BiquadFilterNode for EQ and effects
BiquadFilterNode provides common filter types for shaping the frequency content of a signal. Choose the filter type that matches your goal: lowpass rolls off high frequencies for a warmer sound, highpass removes rumble, and bandpass isolates a narrow range. The frequency and Q parameters control the cutoff point and resonance:
const filter = audioCtx.createBiquadFilter();
filter.type = "lowpass"; // lowpass, highpass, bandpass, peaking, etc.
filter.frequency.value = 1000; // cutoff frequency in Hz
filter.Q.value = 1; // resonance
osc.connect(filter);
filter.connect(audioCtx.destination);
For a simple low-pass filter smoothing out harsh frequencies, this is the node to reach for. Higher Q values create a resonant peak near the cutoff, which can add character but also risks harsh ringing if pushed too far.
Stereo panning
StereoPannerNode pans a signal left or right in the stereo field. The pan value ranges from -1 (full left) through 0 (centre) to 1 (full right). Connect the panner between your source and destination, and it handles the stereo positioning automatically:
const panner = audioCtx.createStereoPanner();
panner.pan.value = -1; // full left
panner.pan.value = 0; // centre
panner.pan.value = 1; // full right
Combine a panner with a gain node to create spatialised audio where sounds move across the stereo field while fading in and out. This pattern is common in game audio engines where each sound source needs independent position and volume control.
ConvolverNode for reverb
ConvolverNode applies a convolution reverb, perfect for room simulation or reverb effects. It takes an impulse response buffer that describes the acoustic space, then mathematically combines it with your input signal:
const convolver = audioCtx.createConvolver();
convolver.buffer = impulseResponseBuffer; // load an IR file
source.connect(convolver);
convolver.connect(audioCtx.destination);
The impulse response buffer describes the acoustic space. Shorter buffers give tight room reverb; longer ones give large hall sounds. You can find free impulse response libraries online for cathedrals, studios, and outdoor spaces, or record your own with a hand clap in the target room.
Gotchas
Audio context state. Browsers suspend the audio context automatically when no interaction has happened. If your audio does not play, check audioCtx.state and call resume().

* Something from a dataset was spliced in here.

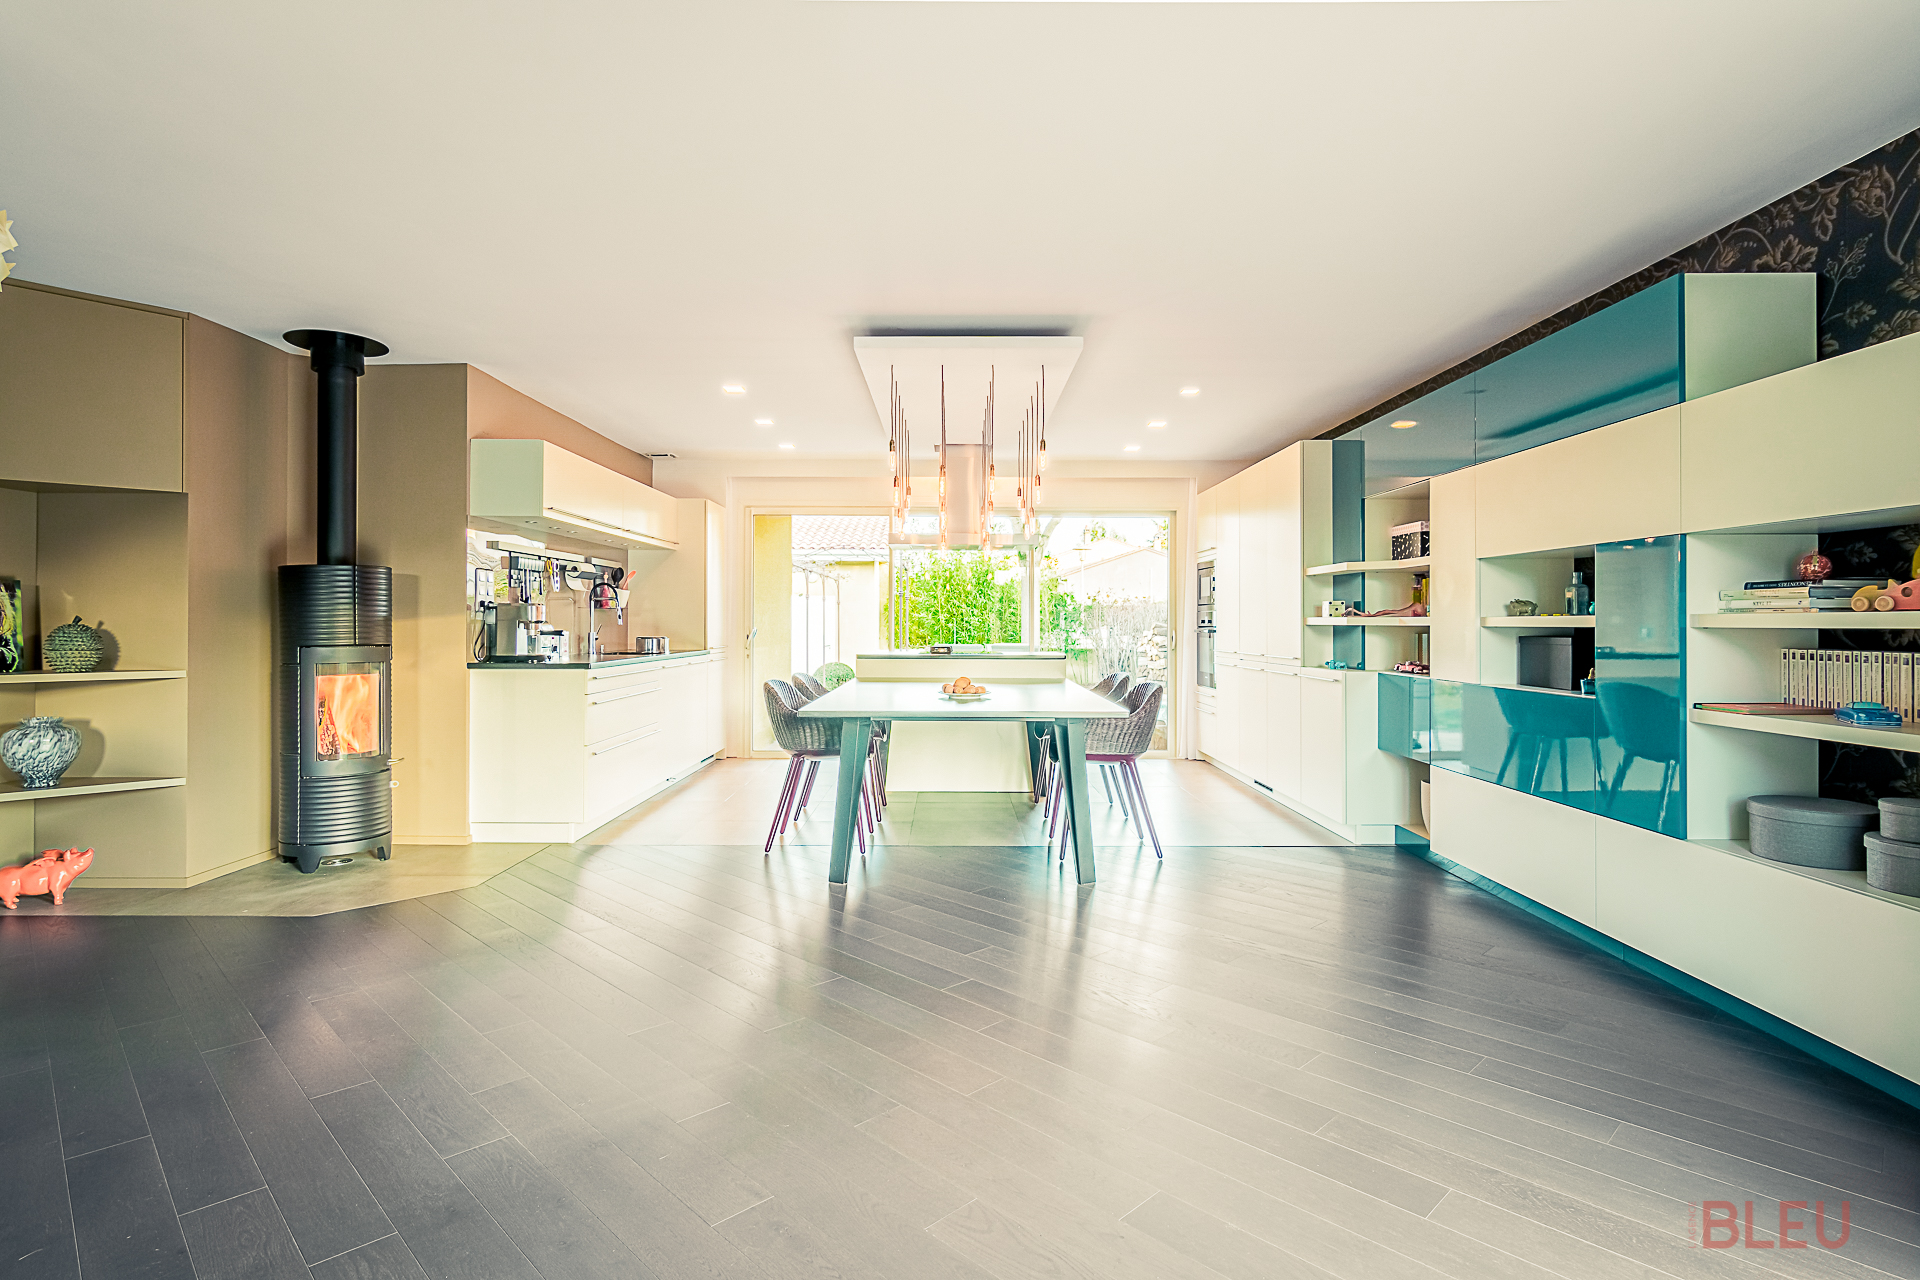 Architecte intérieur Paris transforme un espace vie lumineux avec cuisine ouverte moderne et salle à manger intégrée dans une maison rénovée.

Garbage collecting nodes. When you disconnect a node, it may be garbage collected if nothing else references it. Keep references to active nodes.
Sample rate. AudioContext.sampleRate gives you the hardware sample rate. All nodes operate at this rate. You cannot mix contexts with different sample rates.
Mobile autoplay. On iOS Safari, audio playback requires a user gesture. Call audioCtx.resume() inside a click or touch handler before any sound plays.
Build the signal chain first
Start by sketching the flow of audio before you write code. A source, a gain stage, a filter, and a destination are often enough to map the whole effect. When the chain is clear, it is much easier to decide where to insert analysis or modulation nodes later.
Schedule changes ahead of time
Audio sounds better when level and pitch changes are scheduled instead of changed at the last instant. Smooth ramps avoid clicks and give the browser time to apply the change cleanly. This is especially important for instruments, envelopes, and fade transitions where the ear notices sudden jumps.
Mix live input with playback
A microphone, a file, and a synthesizer can all live in the same graph. That makes the API useful for more than playback: you can process live speech, blend it with a backing track, or feed it through effects before it reaches the speakers. The graph model keeps those combinations understandable.
Pick the simplest node that works
Not every effect needs a custom processor. Many tasks are already covered by built-in nodes like gain, filter, panner, and analyser. Start with the smallest node that matches the sound you want. That keeps the graph easier to tune, easier to debug, and easier to explain to the next person who reads the code.
Plan the mix first
Before you connect nodes, decide where the signal should go and what each stage should change. A clear plan helps you avoid extra nodes and makes it easier to reason about gain, filter, and analyser roles. The graph can grow later, but the first pass should stay simple.
Keep real-time work small
The audio thread needs predictable code. Prefer short processing paths, avoid allocations inside hot loops, and move expensive setup outside the callback. That keeps playback steady and reduces the chance of glitches when the browser is under load.
Keep audio graphs predictable
A predictable graph is easier to tune and easier to extend. When each node has one role, it becomes clear where to adjust gain, where to shape tone, and where to inspect the result. That helps you debug sound issues without having to untangle a huge chain first.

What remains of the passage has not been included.